• TASK GOAL
Transcribe exactly the lines below that begin at the line with "RARE!!!! Original Feb" and stop after the line with "Credit Card Authorization Form Templates", leaving out every picture.
[[ DATA SUPPLIED open ]]
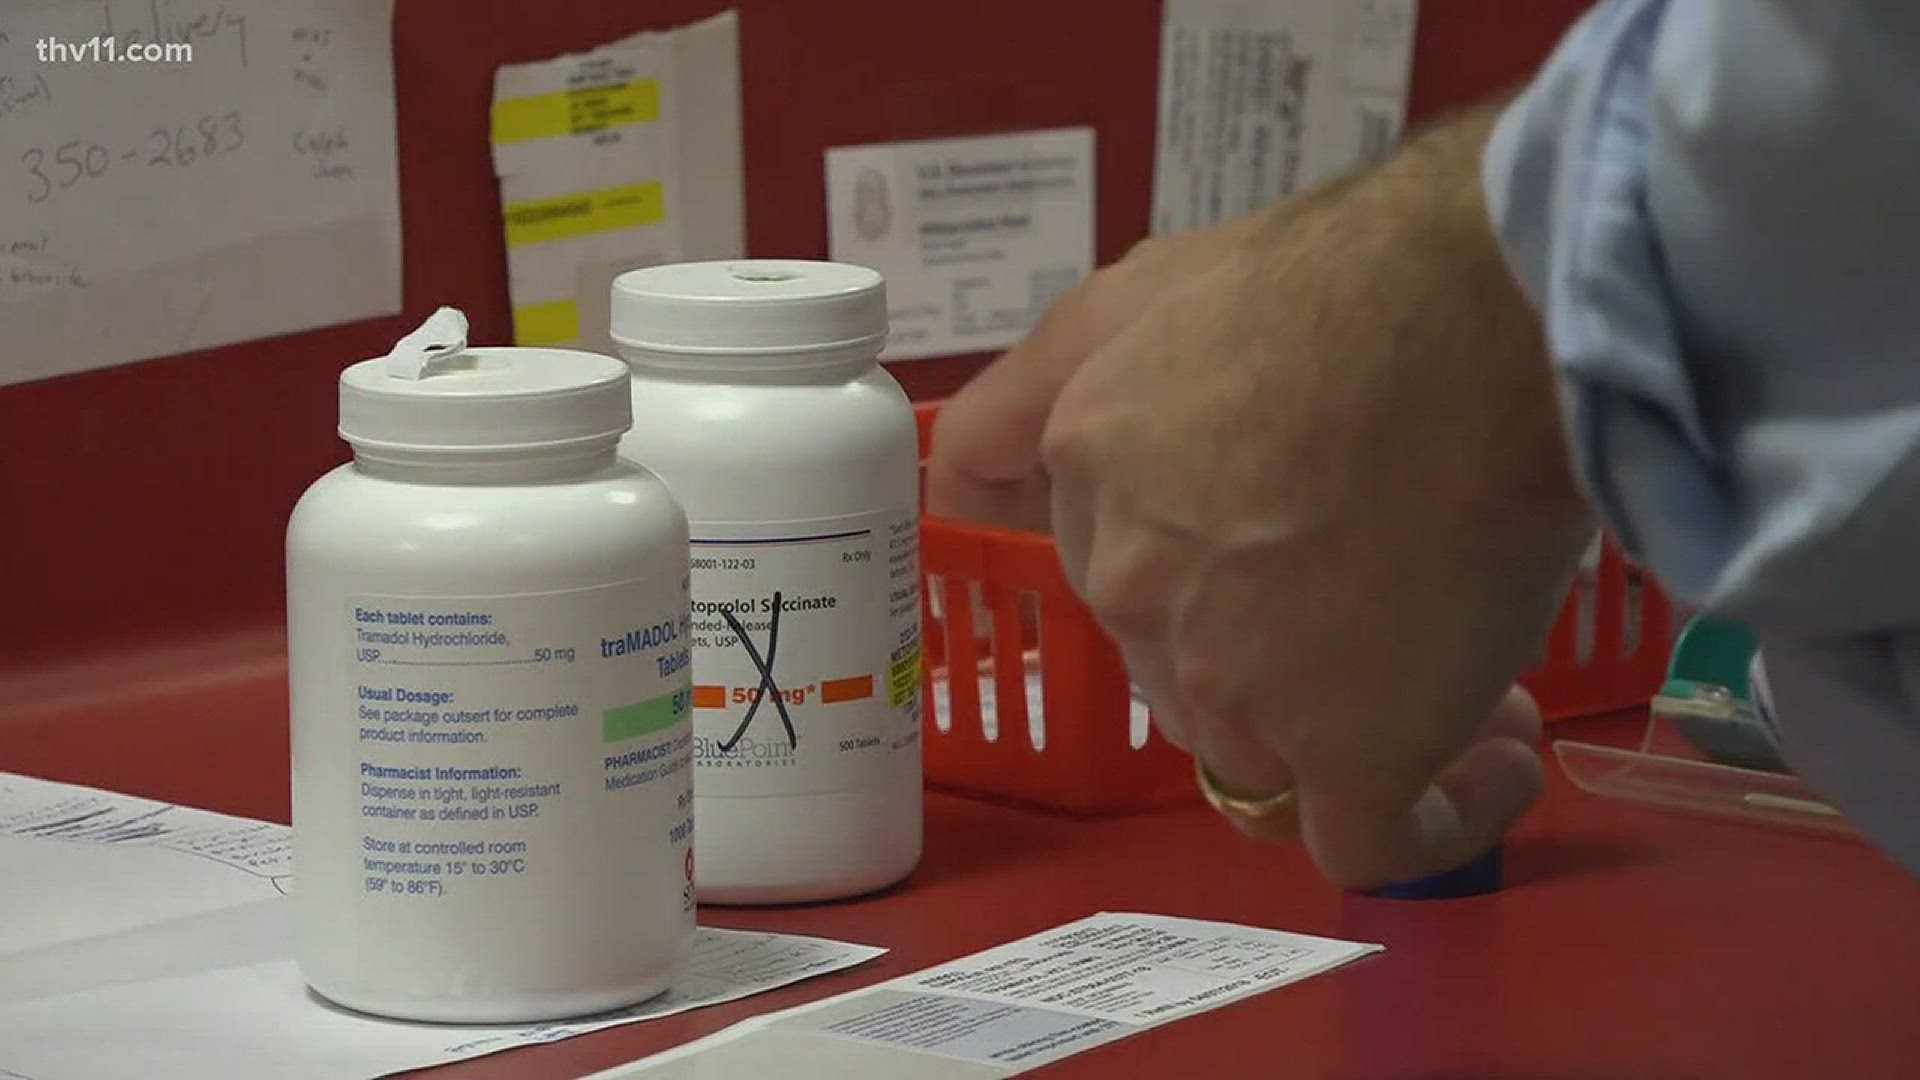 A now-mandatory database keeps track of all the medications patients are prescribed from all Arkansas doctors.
[[ DATA SUPPLIED closed ]]
[[ DATA SUPPLIED open ]]
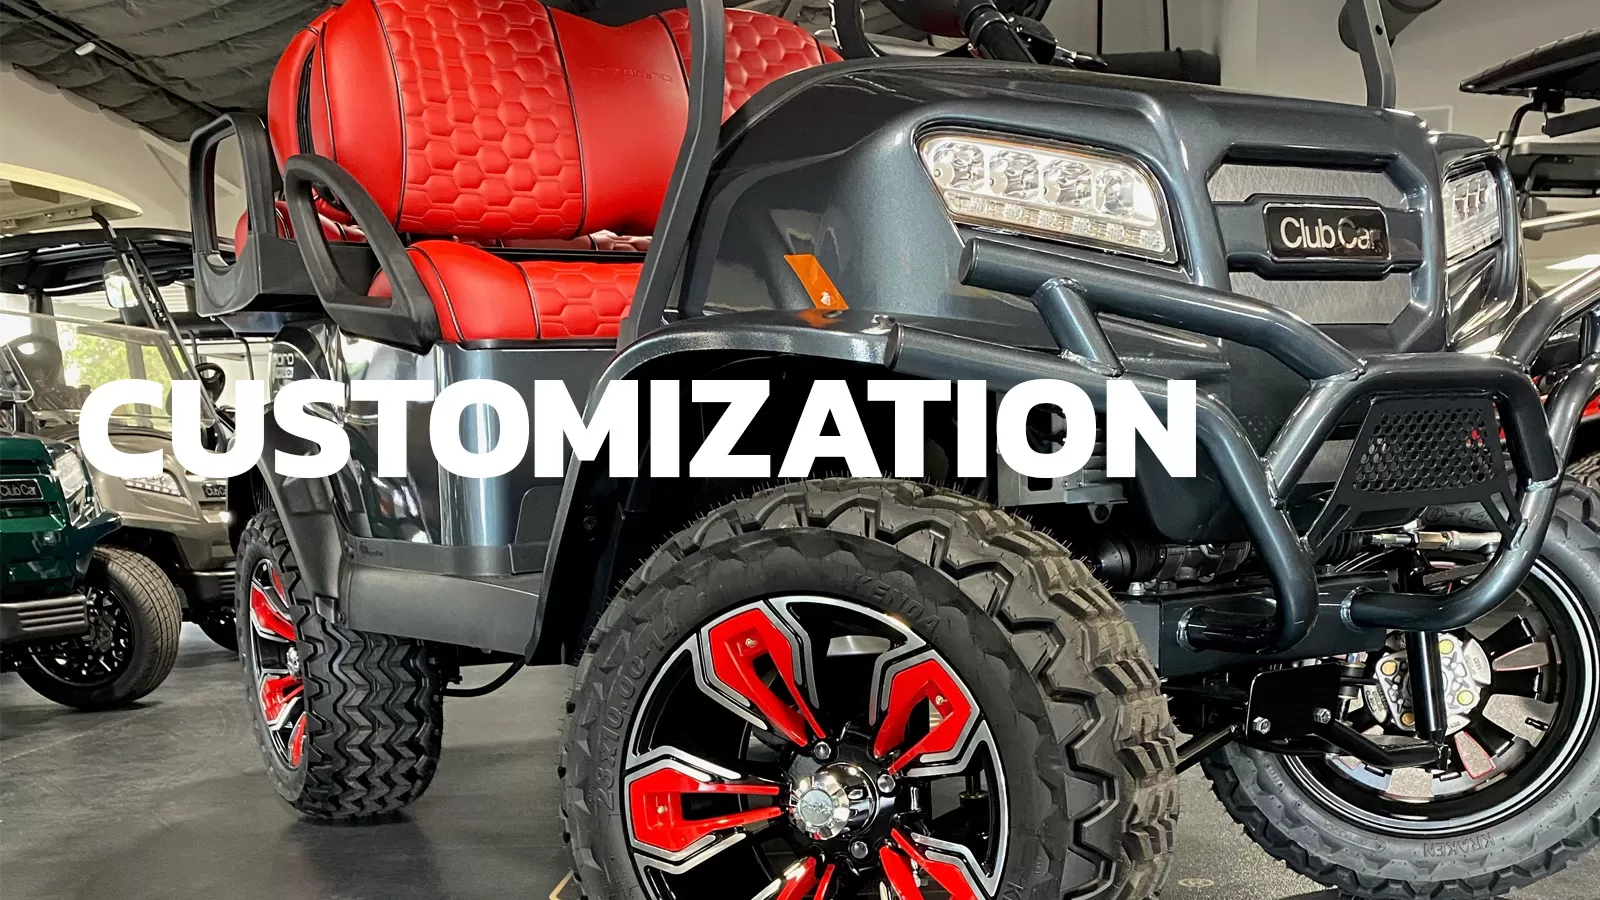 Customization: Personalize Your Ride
[[ DATA SUPPLIED closed ]]
[[ DATA SUPPLIED open ]]
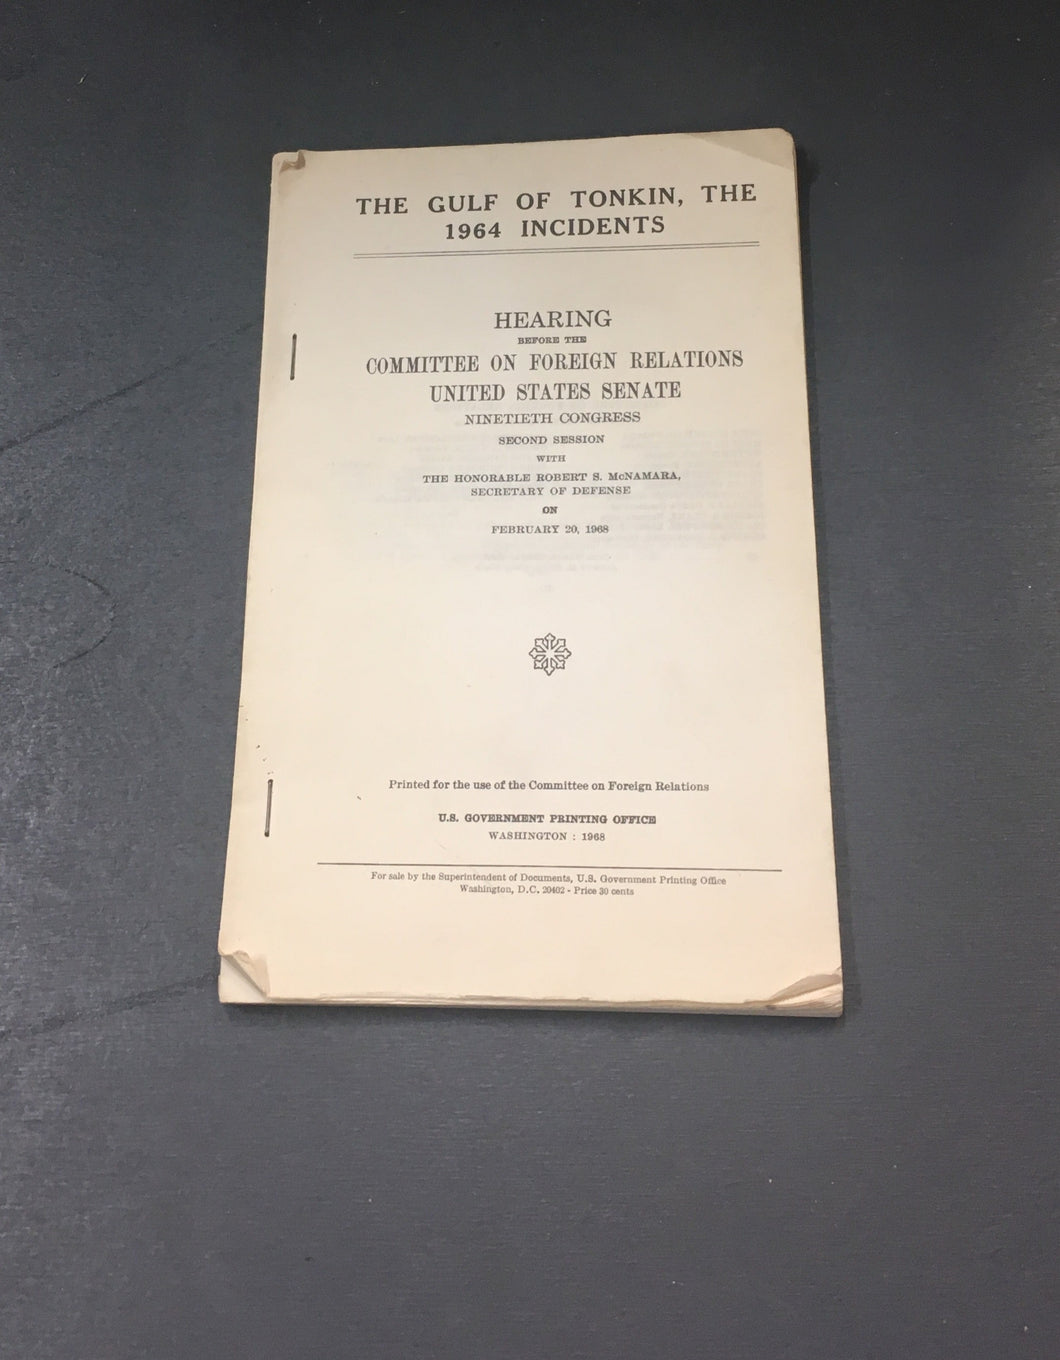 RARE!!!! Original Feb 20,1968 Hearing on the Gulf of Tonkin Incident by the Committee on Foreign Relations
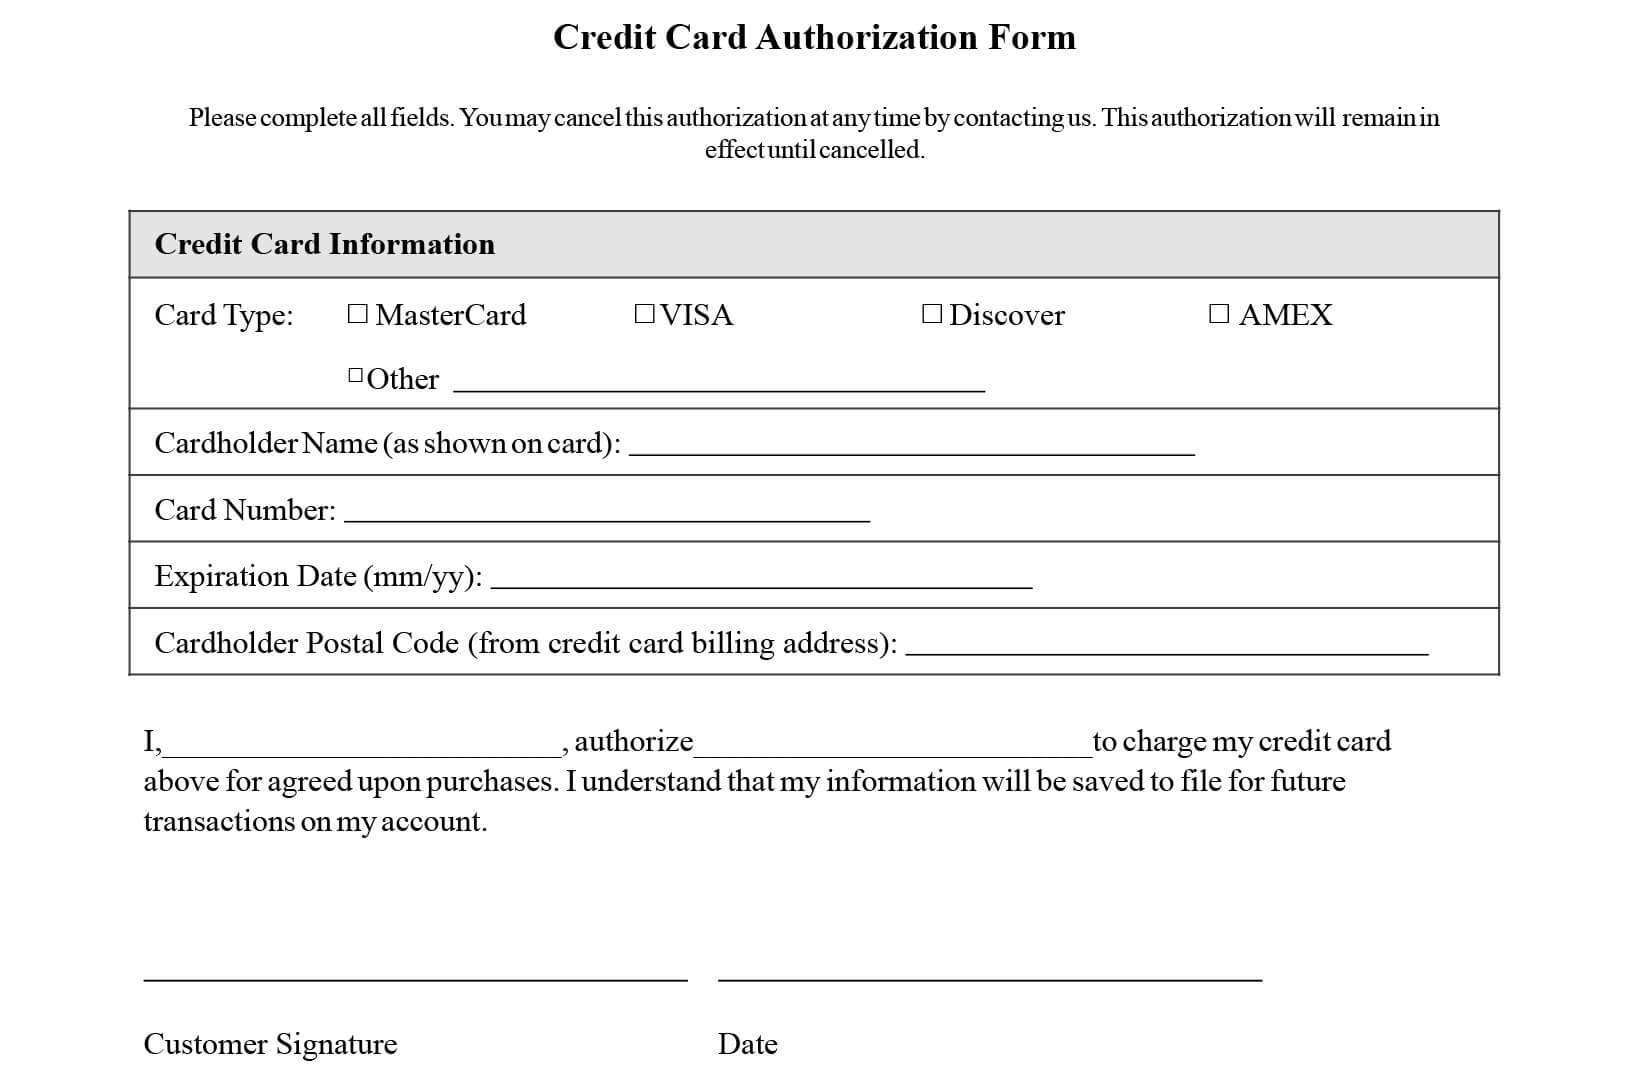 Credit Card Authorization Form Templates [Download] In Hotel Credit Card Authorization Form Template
[[ DATA SUPPLIED closed ]]
• RESULT BELOW
 RARE!!!! Original Feb 20,1968 Hearing on the Gulf of Tonkin Incident by the Committee on Foreign Relations
 Credit Card Authorization Form Templates [Download] In Hotel Credit Card Authorization Form Template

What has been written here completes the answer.